Cela fera-t-il enfin com­pren­dre aux com­pagnons énergiques qui voient dans la lutte autre chose que l’e­spoir d’un man­dat, que les con­ces­sions patronales ne changent rien à la sit­u­a­tion, que la Révo­lu­tion seule, énergique, sauvage même, peut amélior­er le sort des mis­érables, et que brûler l’u­sine vaut mieux que d’y ren­tr­er, même victorieux.

Les Irlandais lut­tent plus courageuse­ment que nous et chaque évic­tion est une bataille avec la police qui se venge comme elle peut, à Michel­stown et ailleurs.

Chez nous, les enquêtes se suiv­ent et se ressem­blent. Ordon­nance de non-lieu en faveur de Lefeb­vre-Ronci­er, qui a bien reçu 10,000 francs mais qui ne les a pas touchés ; ordon­nance de non-lieu à pro­pos de la divul­ga­tion du fameux plan de la fameuse mobil­i­sa­tion qui restera célèbre par ses fours qui ne peu­vent cuire le pain, — on a dû les emprunter au four­nisseur du Dépôt.

Le gou­verne­ment si libéral des États-Unis ne va pas vite en matière crim­inelle, mais enfin il aboutit ; il a décidé l’exé­cu­tion des anar­chistes de Chicago.

Tous les gou­verne­ments se ressem­blent, tous les bour­geois se valent, d’un côté ou de l’autre de l’At­lan­tique et ils ne man­quent jamais l’oc­ca­sion de faire une canail­lerie, surtout quand cette canail­lerie est une bêtise.

Au lende­main du procès, la jus­tice pou­vait suiv­re son cours sans soulever trop de répro­ba­tion, mais au bout de si longtemps cela devient absol­u­ment igno­ble, et les sept potences de Chica­go appren­dront aux pro­lé­taires à hair et à mépris­er leurs maîtres en atten­dant le moment de les pen­dre à leur tour.

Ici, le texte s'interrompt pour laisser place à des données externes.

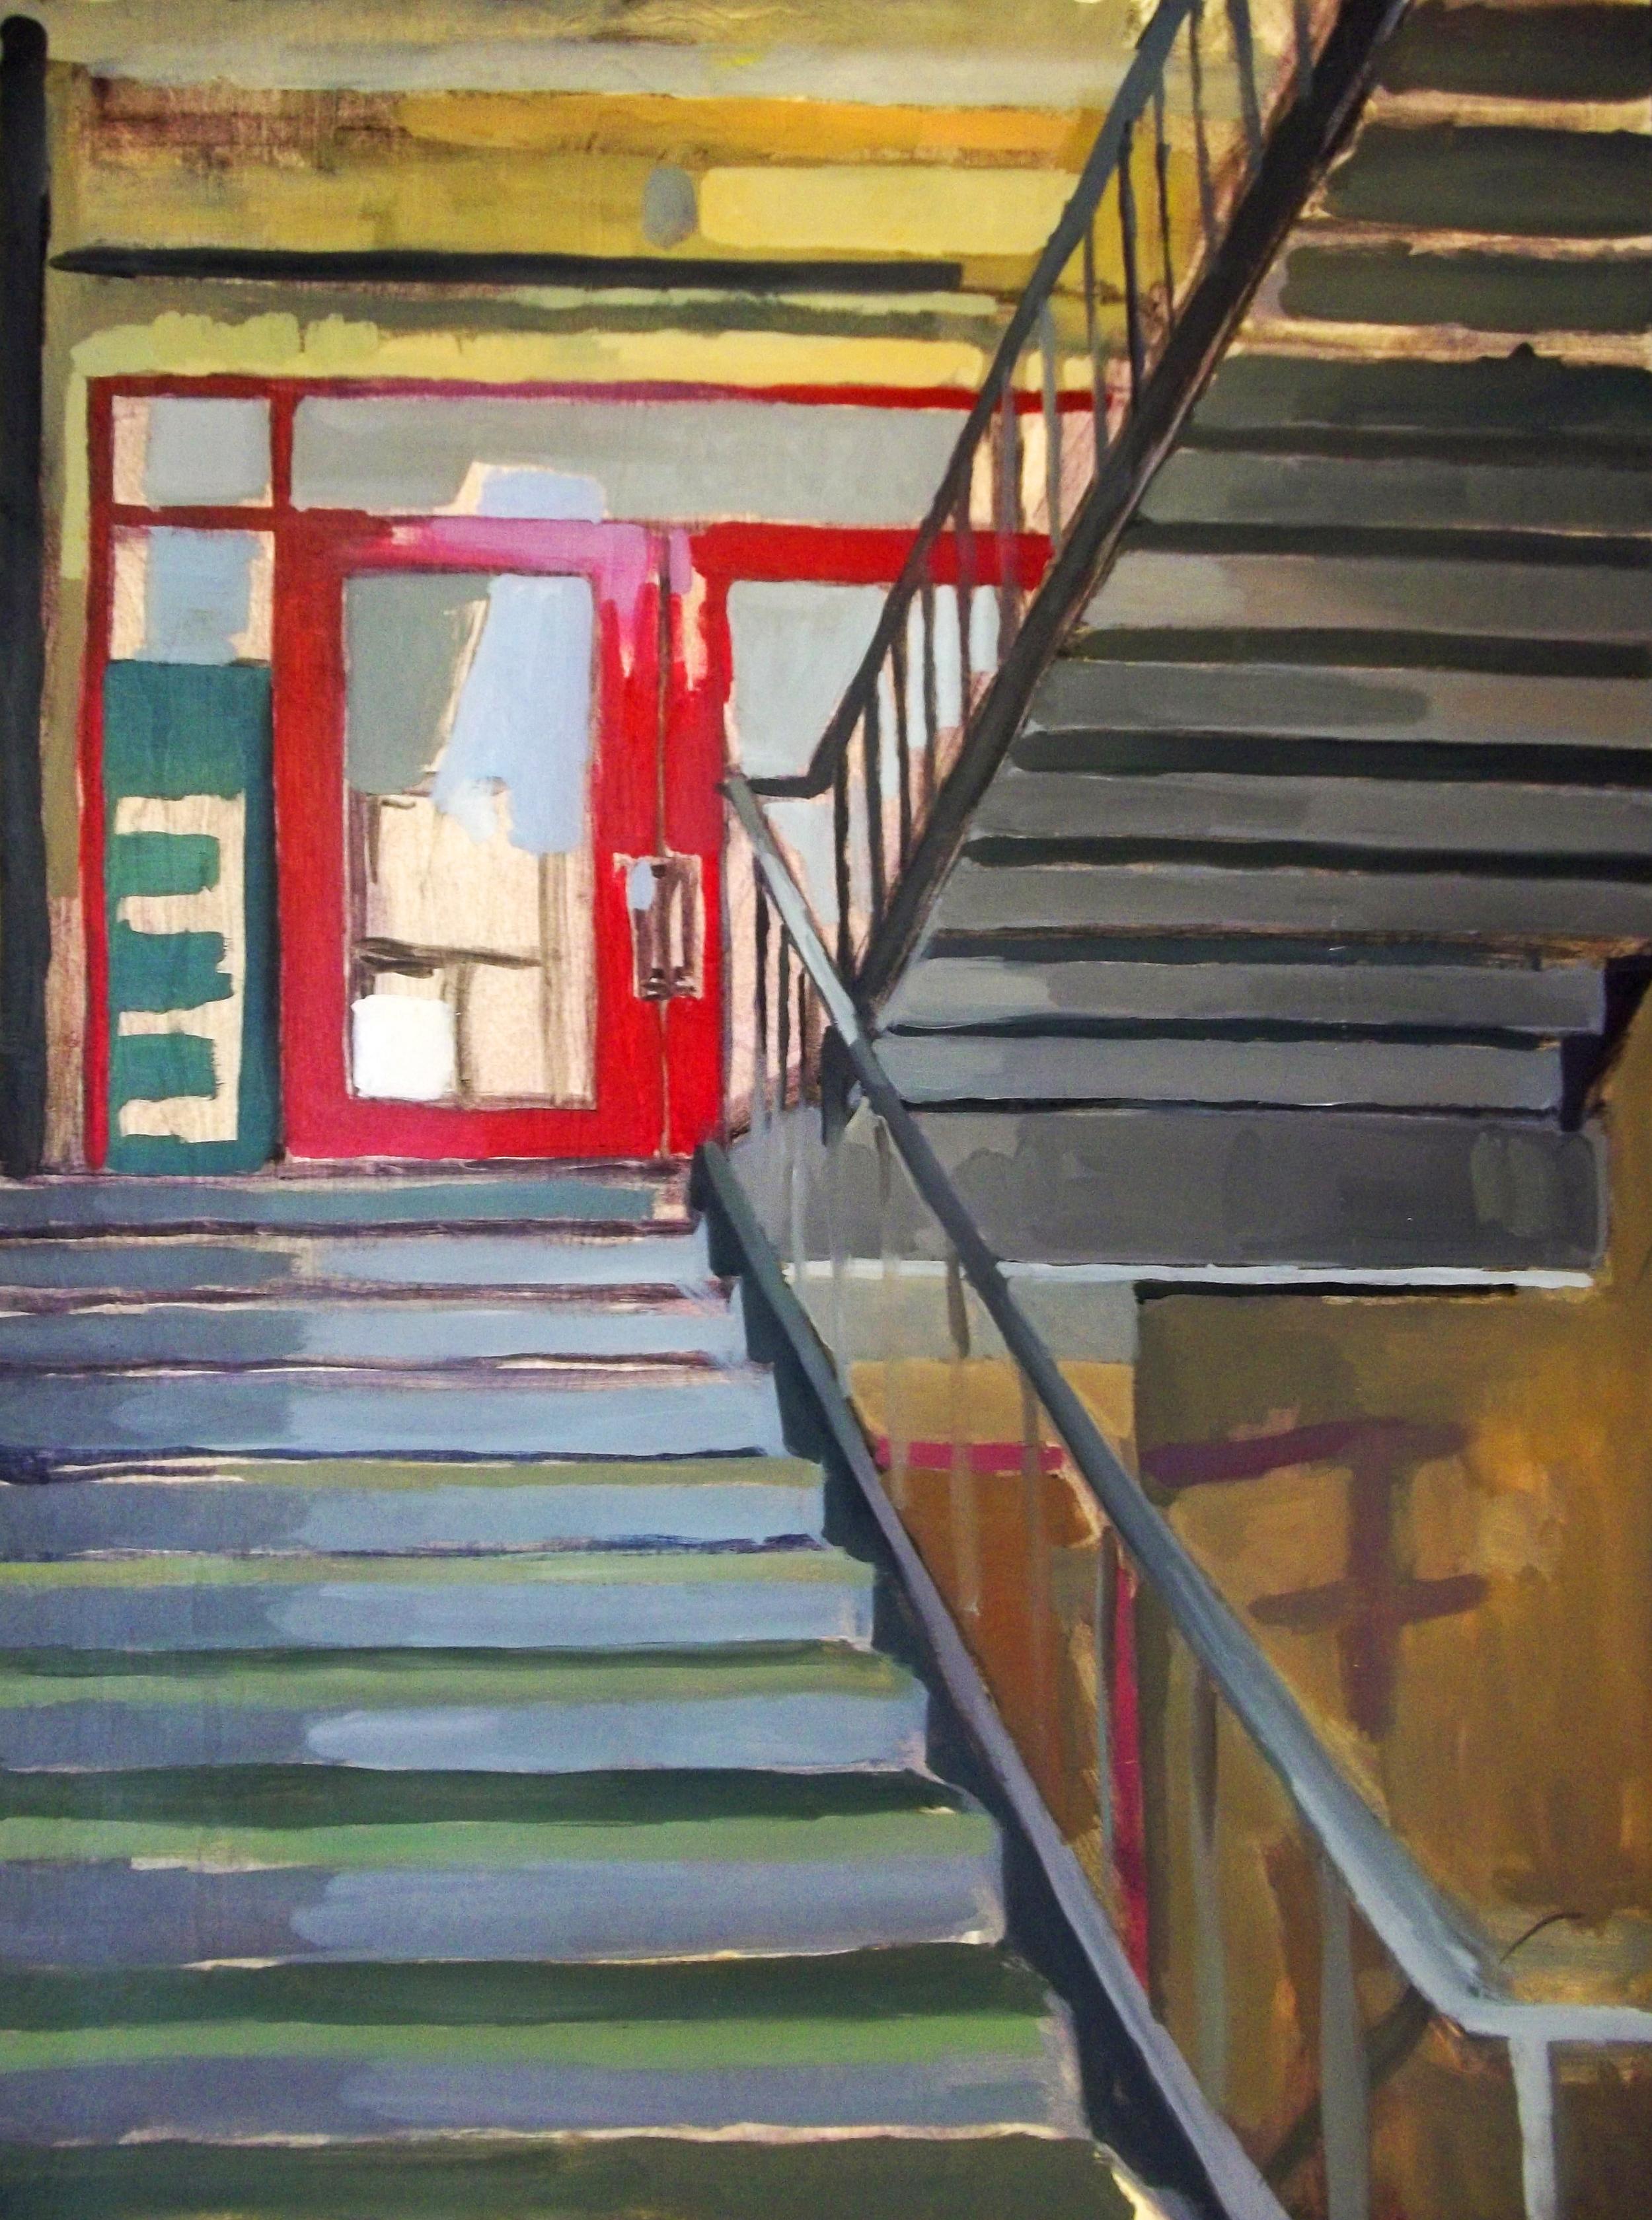 Hallway study

Encore un inci­dent de fron­tières ! Ces bougres-là finiront par se flan­quer une guerre sur les bras. Je vous demande un peu pourquoi les jour­nal­istes font tant de potin pour deux chas­seurs dont l’un a été tué et l’autre blessé par un sol­dat faisant fonc­tions de garde cham­pêtre ; est-ce que tous les jours les agents de Gragnon n’as­som­ment pas quelqu’un sans que ces bon­shommes s’en émeuvent ?

Il est vrai que ceux-là n’ont pas les moyens d’aller à la chasse !

La fron­tière ! — oui, je sais bien — l’in­tégrité du ter­ri­toire ! l’hon­neur de la Patrie ! C’est moi qui m’en fouts, par exemple !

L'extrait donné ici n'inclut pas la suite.